Выбрать главу

— Простите, пожалуйста, я вот бежал и очки снять забыл, а они только для чтения — в них я дальше метра ничего не вижу. Я вас не ударил случайно? — Поднявшись и близоруко щурясь, он стал отряхивать штаны.

— Не беспокойтесь, я умею уворачиваться от студентов. Давайте помогу тетради собрать. Наверное, засиделись в библиотеке и пропустили пару?

— Да, думаю, спешить уже бессмысленно. А вы к кому? Я вас раньше не видел.

— Ищу кабинет Шутова Глеба Николаевича. Не подскажете, где?

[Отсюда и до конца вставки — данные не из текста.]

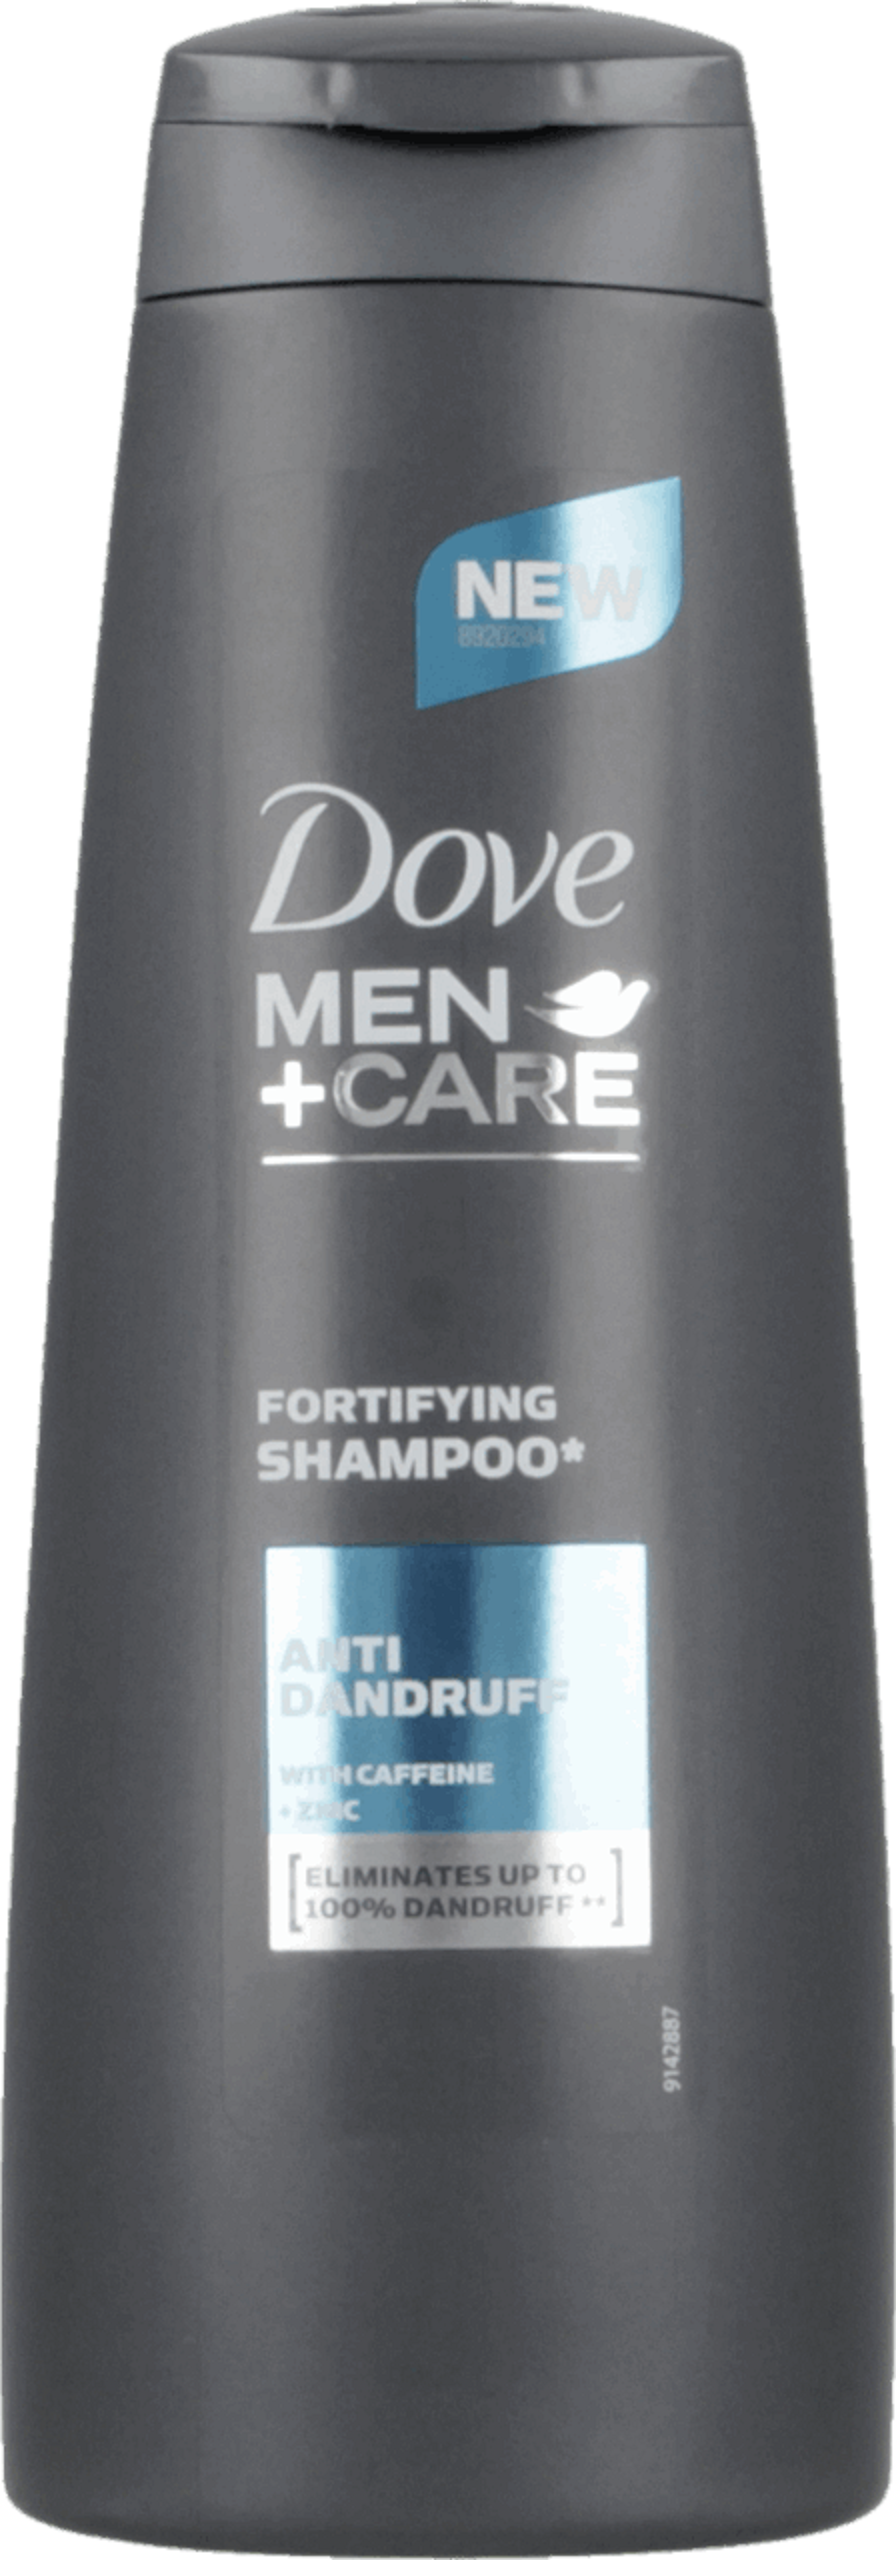 szampon dove men fortifying gdzie kupic

— А, Шута… То есть это, извините… от горкома, который… Э-э-э-э-то, это на третьем этаже, там администрация, а здесь только деканат. По левую сторону дверь с синим дерматином будет.

— Спасибо!

«Значит, говоришь, Шут? А что, „достойному“ человеку — и имя „достойное“». И, смотря в спину уходящего парня, она мысленно вернулась в 1969 год.

  Вот так же она неслась по университету со стопкой конспектов. В голове лишь одна мысль — что она попала: пропустить, да что там пропустить, опоздать на пару к Параболе было смертным грехом, который не отмолить. Но это мелочь по сравнению с анонимкой, где были перечислены все анекдоты про Леонида Ильича, которые она рассказывала. Это был полный… каюк, ей так и сказали: «А не пошли бы вы… обратно в свою Сибирь оленей пасти!» И ещё вспомнилось лицо Глеба с виновато опущенными глазами. «Он, комсюк поганый, он, гнида. У-у-у, ненавижу!» Последнее, что она помнила, — это крепкие руки, которые удержали её от падения, и разлетевшиеся в разные стороны стаей бабочек тетради с выпадающими цветными закладками. Выдав своему «спасителю» предложение длиной в маленький роман, в котором самое приличное было «…(чего) тебе надо», она уселась на полу и заплакала. Он подошёл и протянул руку, чтобы помочь подняться. Окатив его пренебрежительным взглядом, она вскочила на ноги, но, наступив на край платья, которое жалобно треснуло, вновь полетела к полу и опять очутилась в его руках. Серые умные глаза юноши с интересом её разглядывали. От возмущения она покраснела и прошипела:

— Поставь, где была, и не лапай будущего математика.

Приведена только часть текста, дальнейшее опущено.